Exercise: Please repeat, exactly and without pictures, the lines of the entries below that run from the one containing "The Sun’s Shekinna" through the one containing "Samsung Galaxy Buds: impressions".

━━━ The records

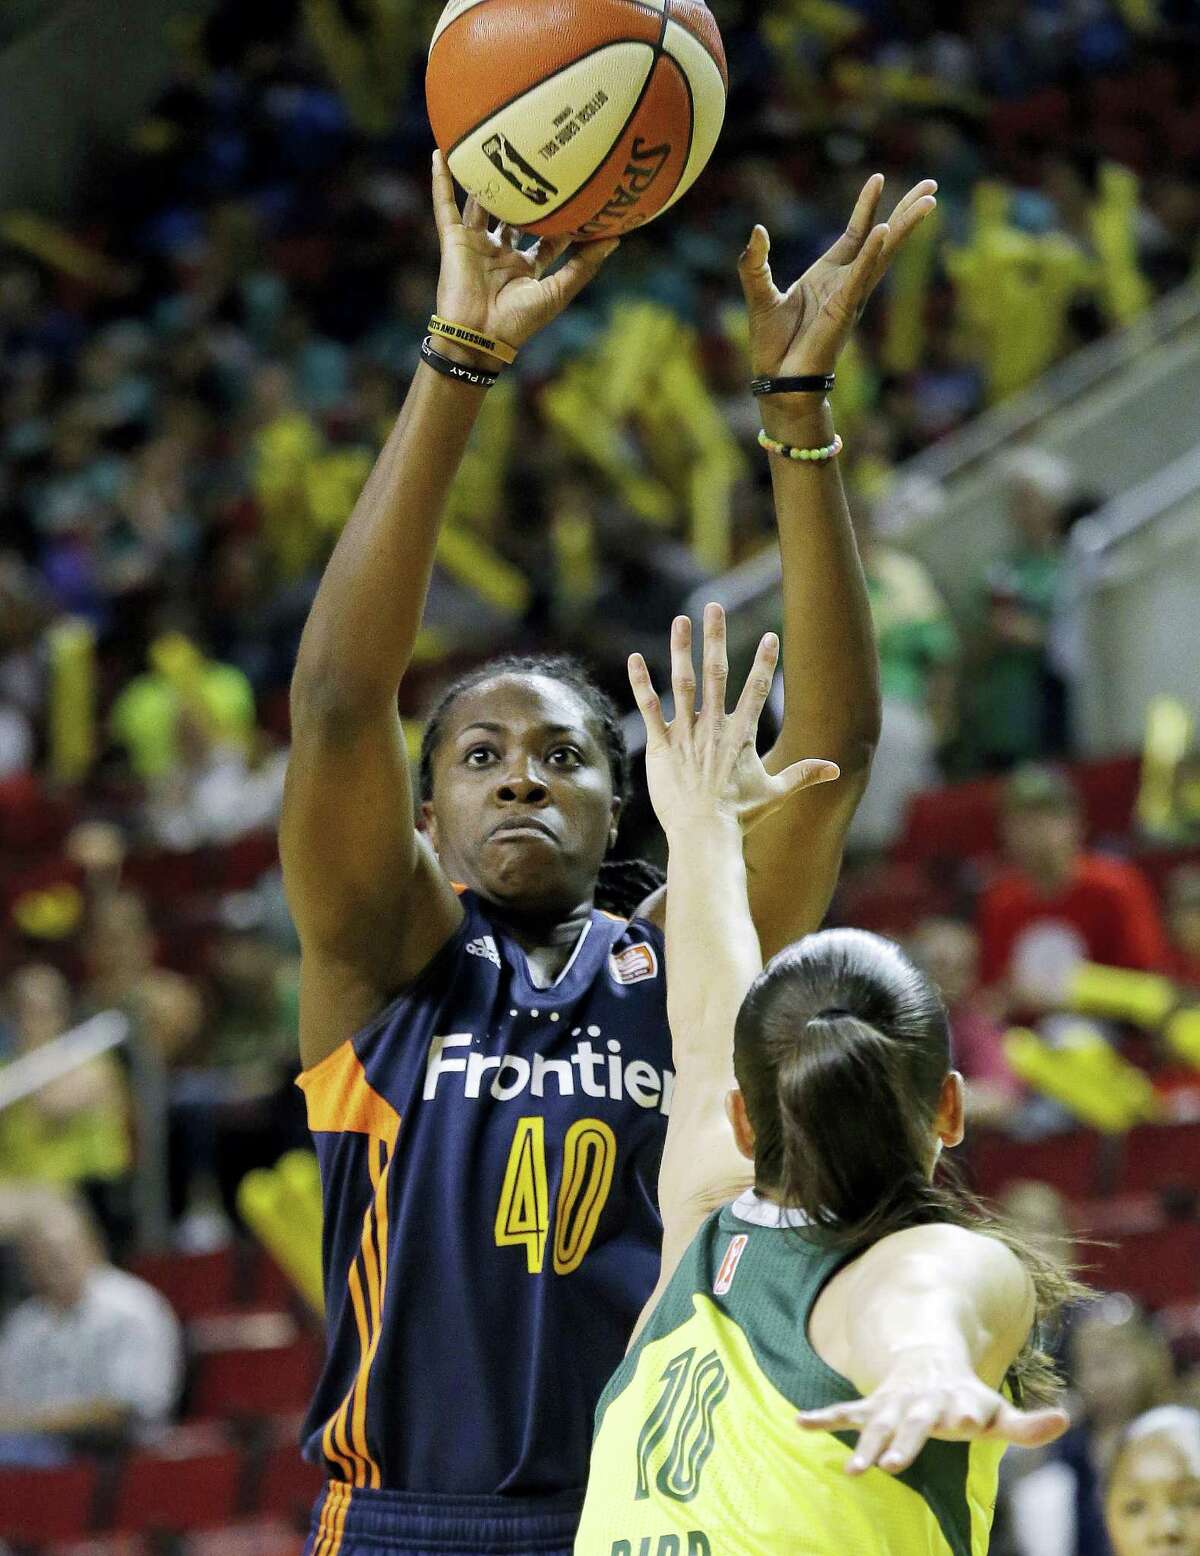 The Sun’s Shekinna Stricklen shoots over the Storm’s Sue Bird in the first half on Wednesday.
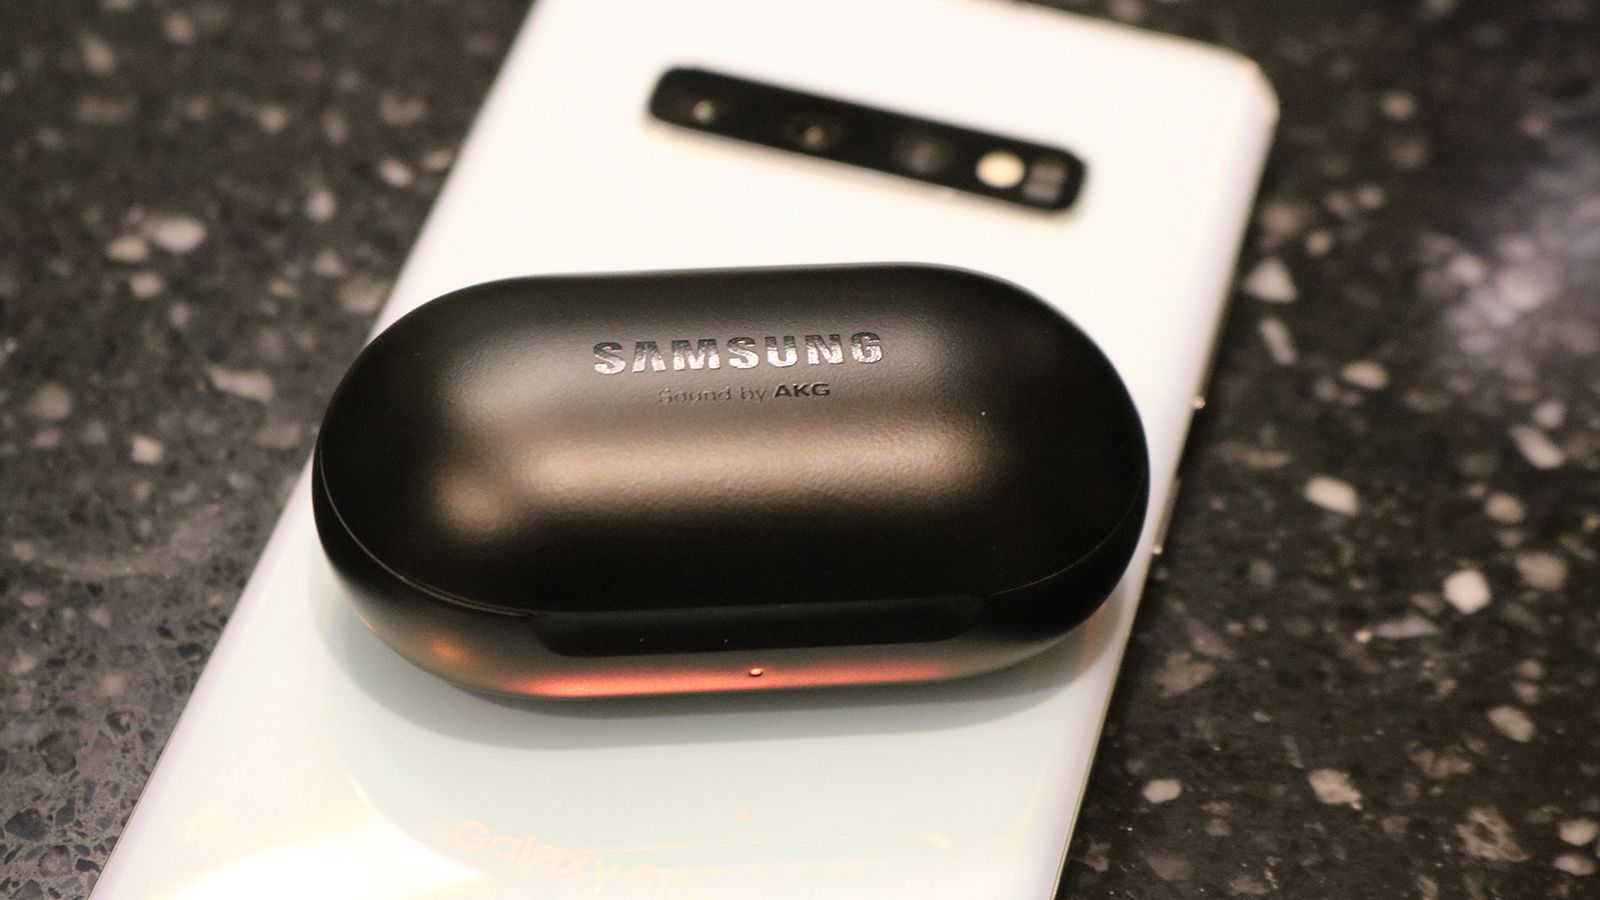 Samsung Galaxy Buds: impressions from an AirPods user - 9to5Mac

━━━━━━
━━━ The records

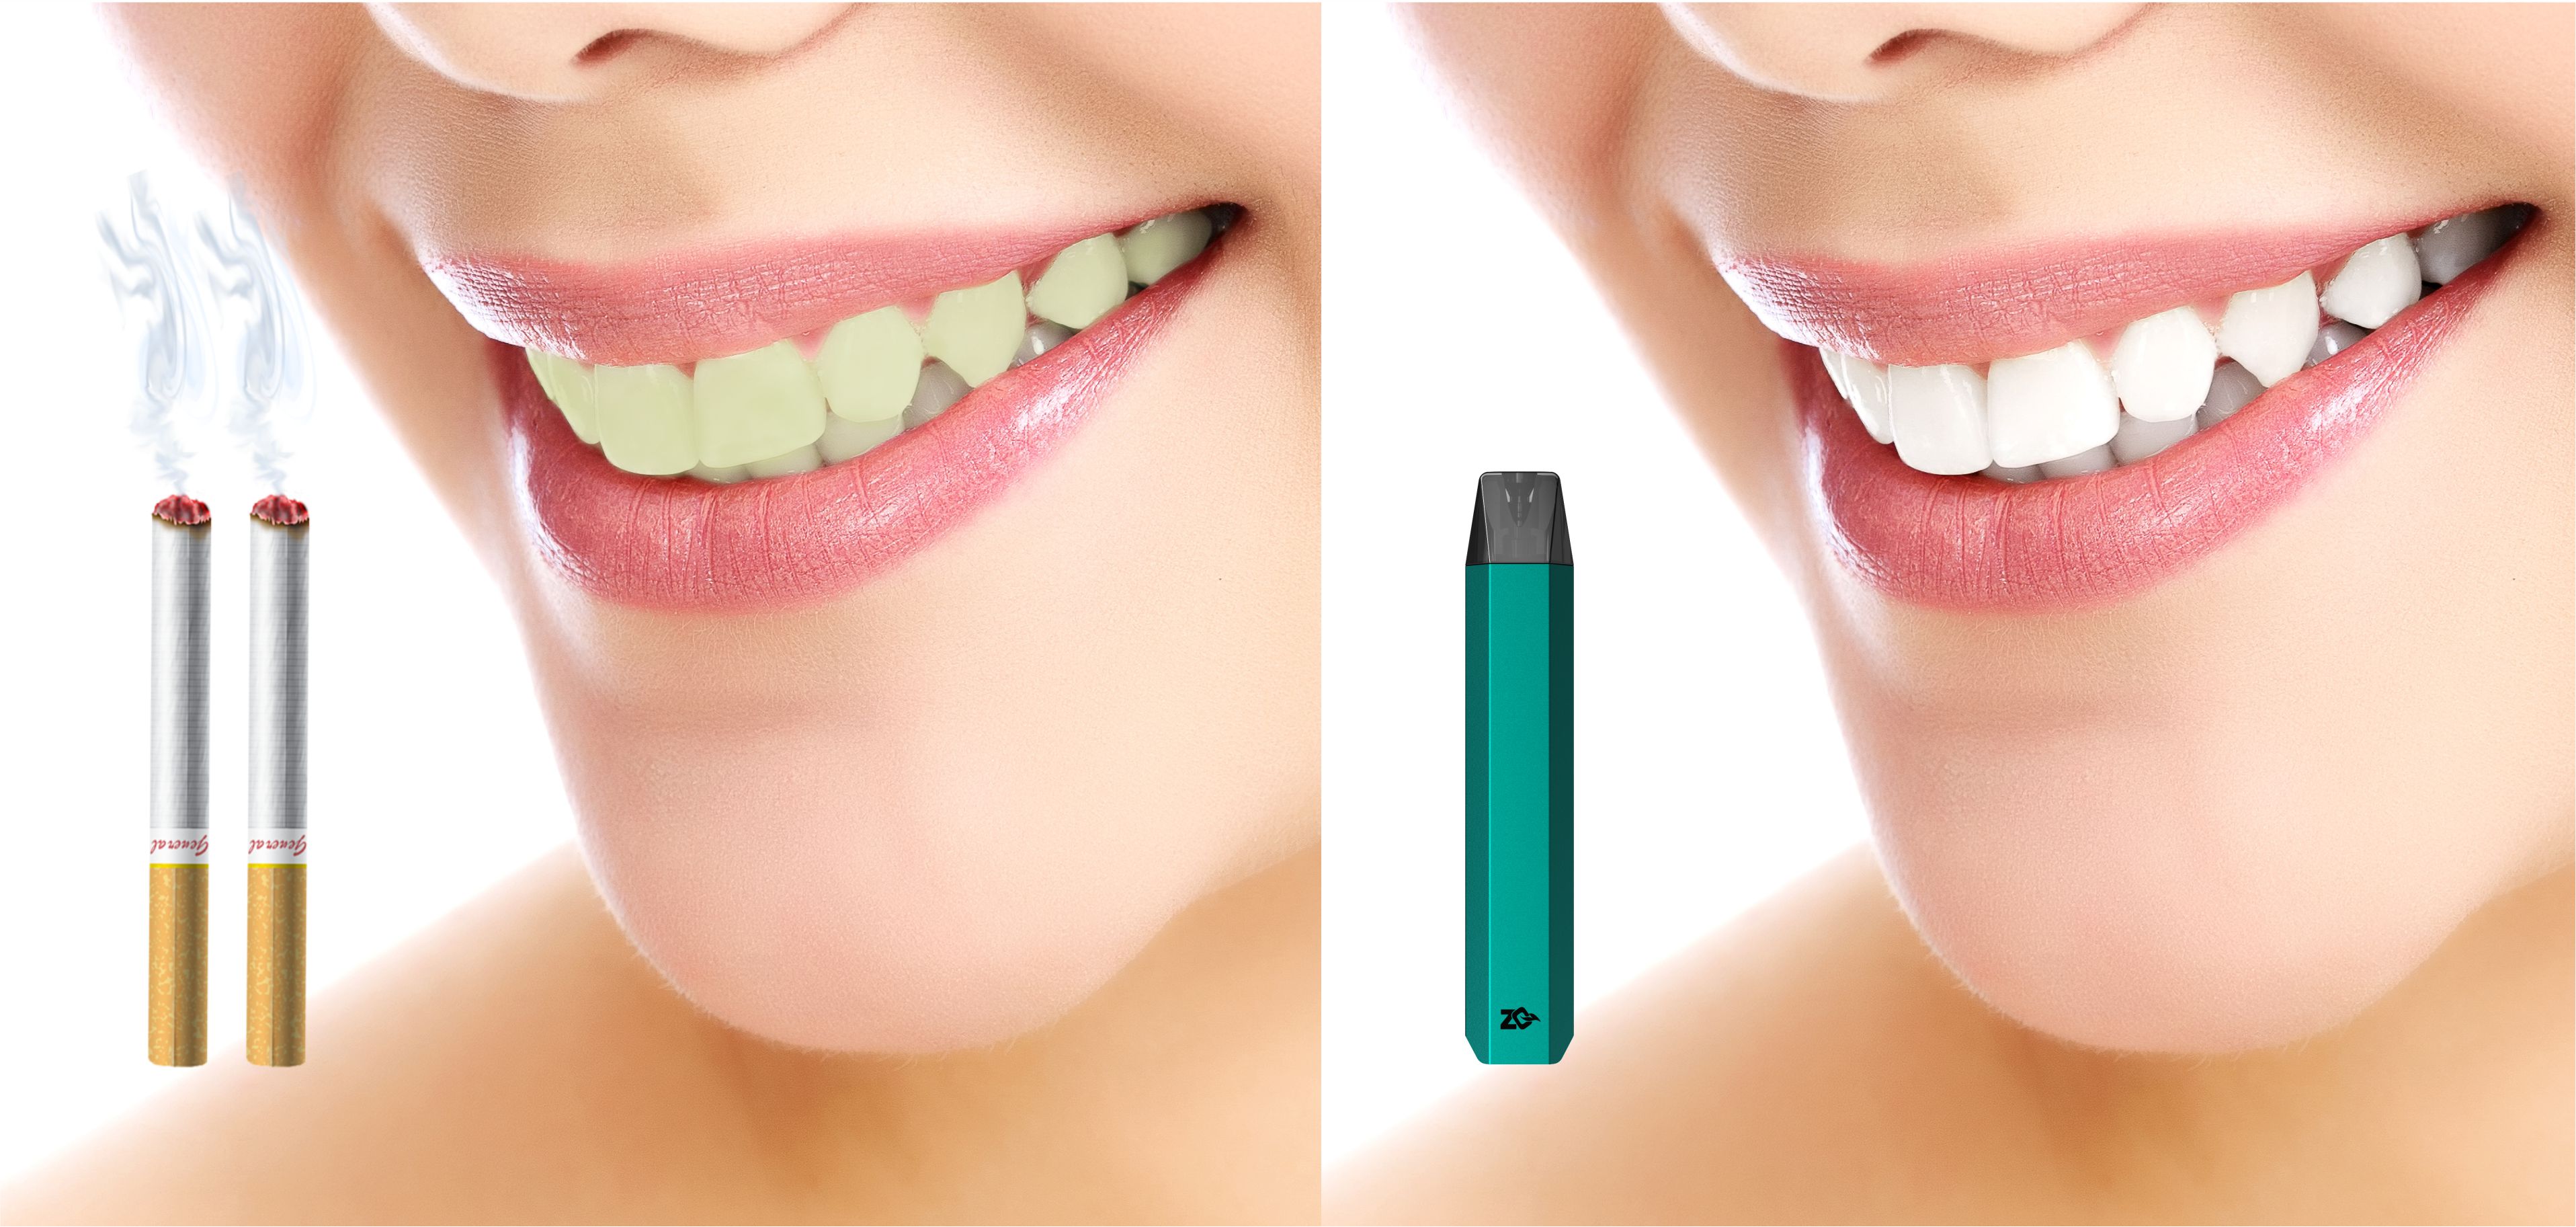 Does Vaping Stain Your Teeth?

━━━━━━
━━━ The records

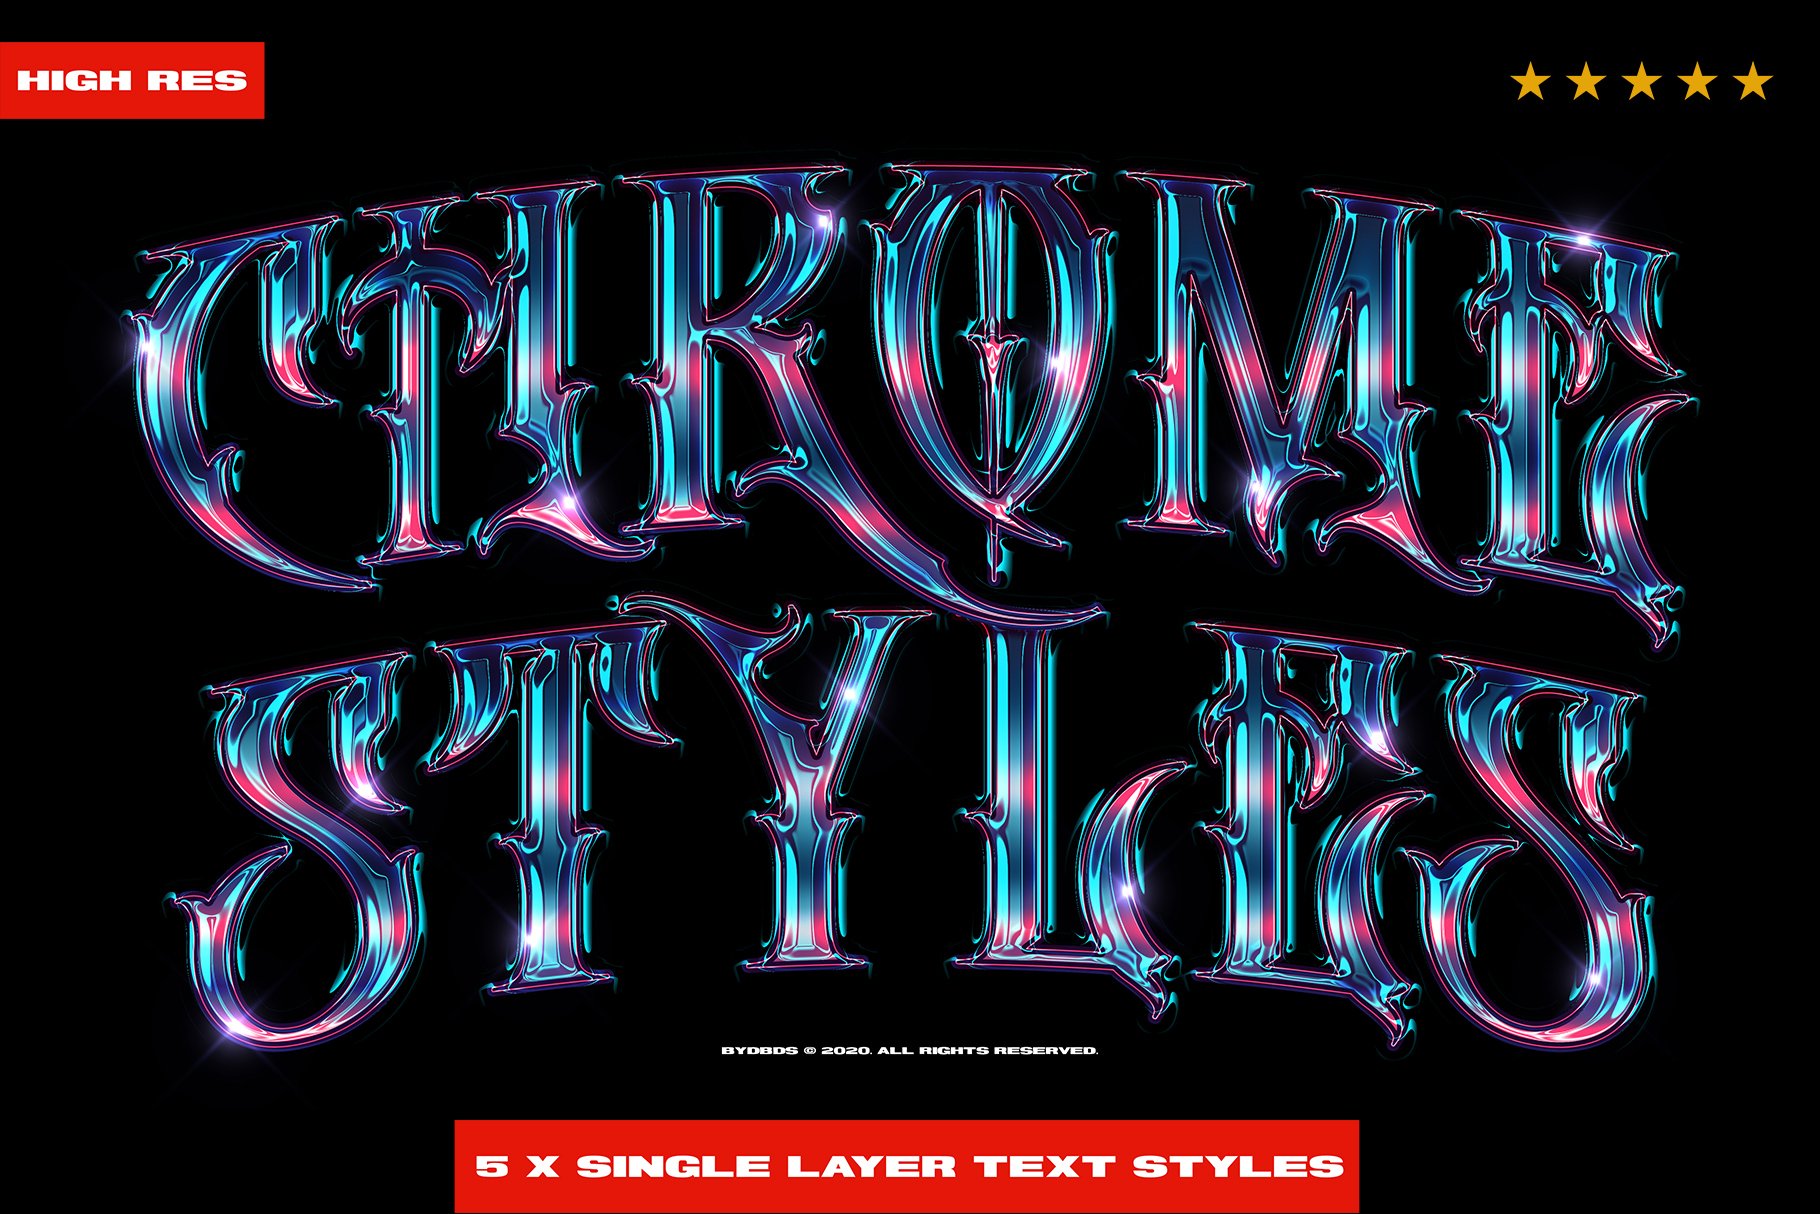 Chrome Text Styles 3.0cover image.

━━━━━━

Completed exercise:
 The Sun’s Shekinna Stricklen shoots over the Storm’s Sue Bird in the first half on Wednesday.
 Samsung Galaxy Buds: impressions from an AirPods user - 9to5Mac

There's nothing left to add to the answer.